Dr. Irwin Redlener — pediatrics professor at the Albert Einstein College of Medicine — weighed in with his perspective on the current COVID-19 chaos. He explained how Trump has topped the list of people who have undermined the work of scientists during the pandemic. Trump's perspective and dangerous rhetoric subsequently spread COVID misinformation and vaccine hesitancy.

"Donald Trump did a terrific job of undermining science, and undermining the credibility of statements from scientists," Redlener said during his interview with The Daily Beast. "So that now, there's inherent skepticism. Every misstep in terms of communications tends to exacerbate this terrible anti-science legacy left by the former president. So we have what Trump has done intentionally to undermine the credibility of science, coupled with the fact that we keep learning new data."

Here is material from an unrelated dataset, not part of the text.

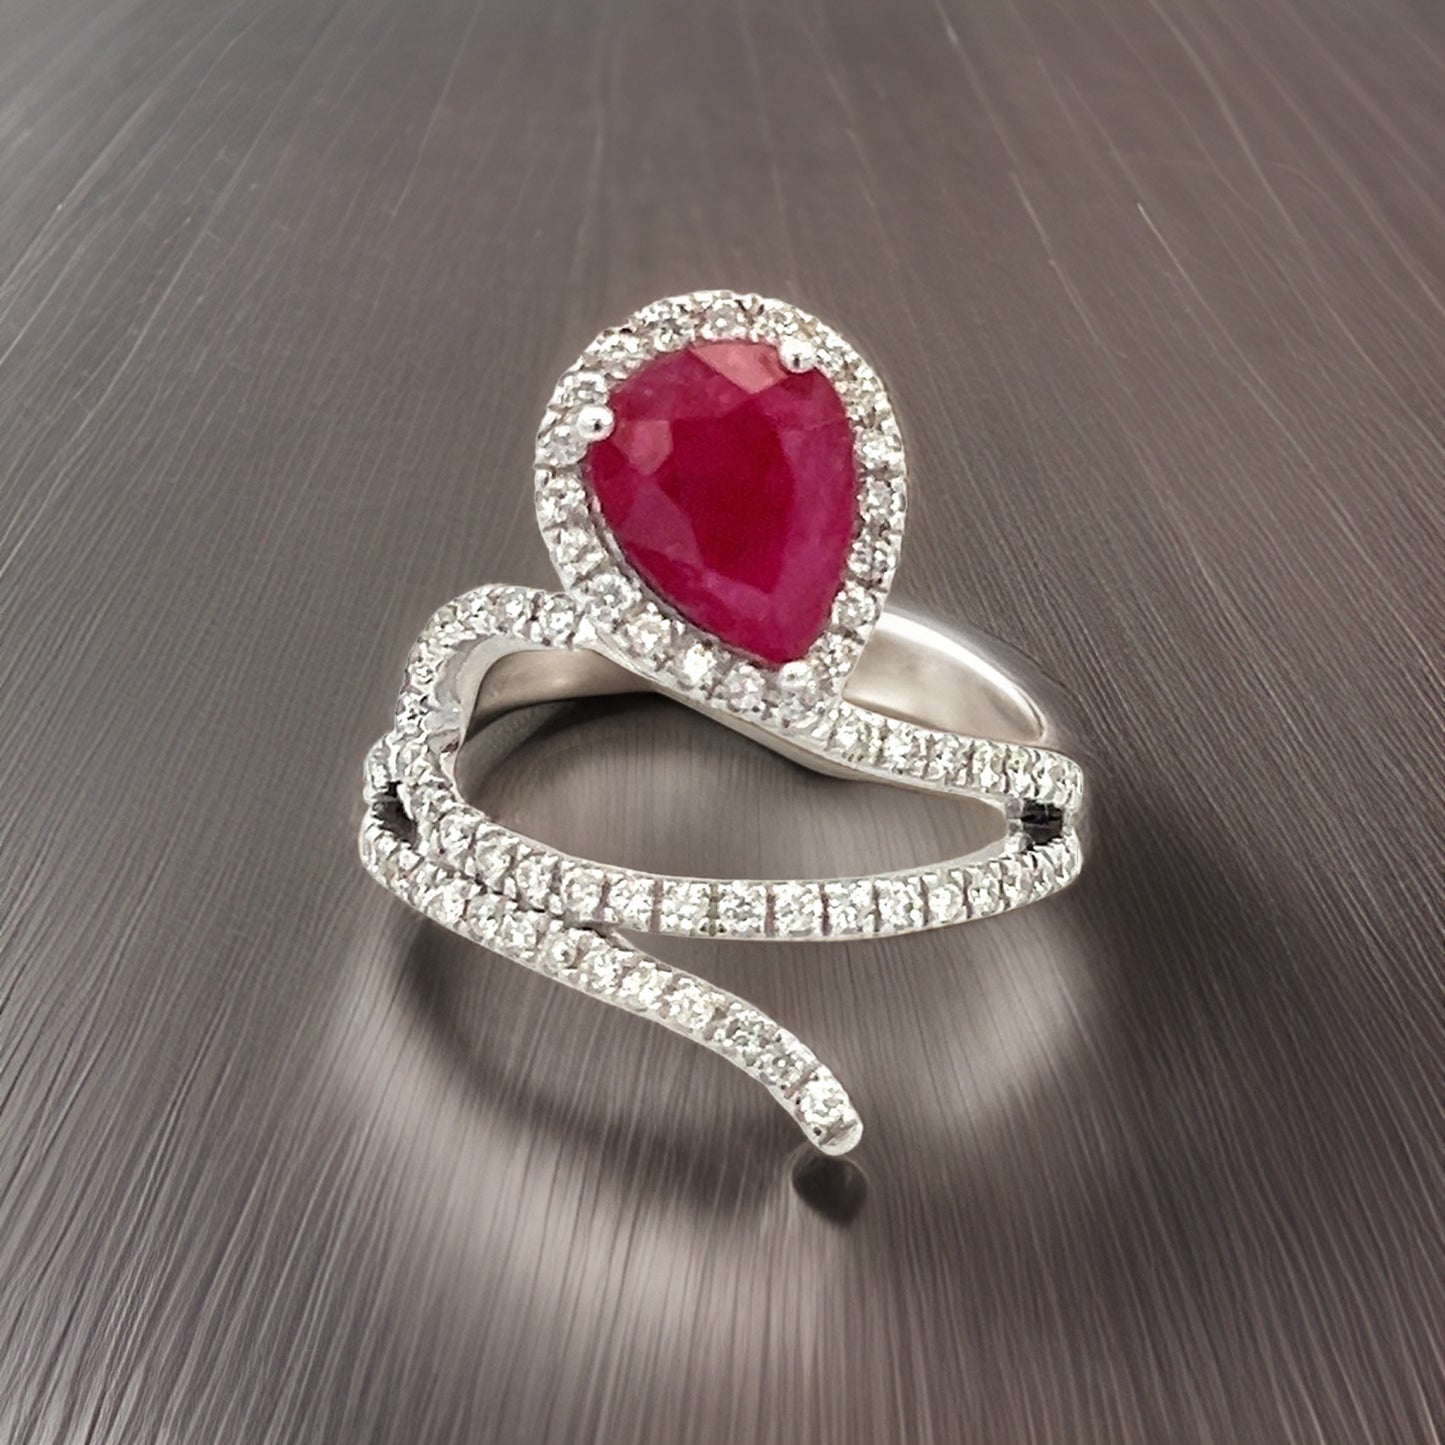 Natural Ruby Diamond Ring 6.75 14k W Gold 2.32 TCW Certified $5,950 310542

Redlener, also the founding director of the National Center for Disaster Preparedness at Columbia University's Earth Institute, and author of the books, "Americans at Risk: Why We Are Not Prepared for Megadisasters" and "What We Can Do and The Future of Us: What the Dreams of Children Mean for Twenty-First-Century America," went on to explain why it's dangerous for anyone to relay assumptions to the American public at this point.

"At this point, it is actually dangerous for anyone to be too definitive. Scientists, disease modelers—you're on thin ice," Redlener said. "We all need to learn a little humility in making projections or making definitive statements. That goes for the scientists. It's even more important that people in political leadership positions worry about being overly definitive when it comes to this COVID-19 pandemic and the policies that are coming out."